- _Your goal_: Select, from the material below, each line with "Free" in it.

- _Listed records_:
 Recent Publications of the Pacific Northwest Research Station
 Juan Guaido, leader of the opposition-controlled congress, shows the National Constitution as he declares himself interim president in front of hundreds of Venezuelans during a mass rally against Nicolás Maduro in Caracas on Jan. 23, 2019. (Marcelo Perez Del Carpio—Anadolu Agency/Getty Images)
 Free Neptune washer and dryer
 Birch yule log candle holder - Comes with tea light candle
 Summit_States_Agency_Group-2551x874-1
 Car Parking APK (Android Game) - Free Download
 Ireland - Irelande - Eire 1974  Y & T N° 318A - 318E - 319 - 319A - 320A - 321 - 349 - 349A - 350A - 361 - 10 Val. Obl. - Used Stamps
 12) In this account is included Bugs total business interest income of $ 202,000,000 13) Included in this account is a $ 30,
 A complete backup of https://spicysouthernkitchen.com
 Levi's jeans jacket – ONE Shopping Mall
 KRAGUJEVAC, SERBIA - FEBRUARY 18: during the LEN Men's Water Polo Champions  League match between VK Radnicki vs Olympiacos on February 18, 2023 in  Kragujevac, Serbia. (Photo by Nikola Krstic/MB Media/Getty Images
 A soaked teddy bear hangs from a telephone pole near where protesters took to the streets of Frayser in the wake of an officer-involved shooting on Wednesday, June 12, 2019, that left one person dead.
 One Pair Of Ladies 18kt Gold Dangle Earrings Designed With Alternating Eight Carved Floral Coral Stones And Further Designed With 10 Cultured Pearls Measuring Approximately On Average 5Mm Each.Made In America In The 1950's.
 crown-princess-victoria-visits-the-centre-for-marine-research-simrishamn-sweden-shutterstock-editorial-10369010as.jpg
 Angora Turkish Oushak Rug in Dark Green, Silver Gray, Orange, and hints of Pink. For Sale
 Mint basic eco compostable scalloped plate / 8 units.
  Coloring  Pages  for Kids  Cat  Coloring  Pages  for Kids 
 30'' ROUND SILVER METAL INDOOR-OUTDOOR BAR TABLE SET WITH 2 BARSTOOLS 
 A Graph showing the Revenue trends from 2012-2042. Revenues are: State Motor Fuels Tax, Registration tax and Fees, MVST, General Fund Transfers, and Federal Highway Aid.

- _Your solution_:
 Free Neptune washer and dryer
 Car Parking APK (Android Game) - Free Download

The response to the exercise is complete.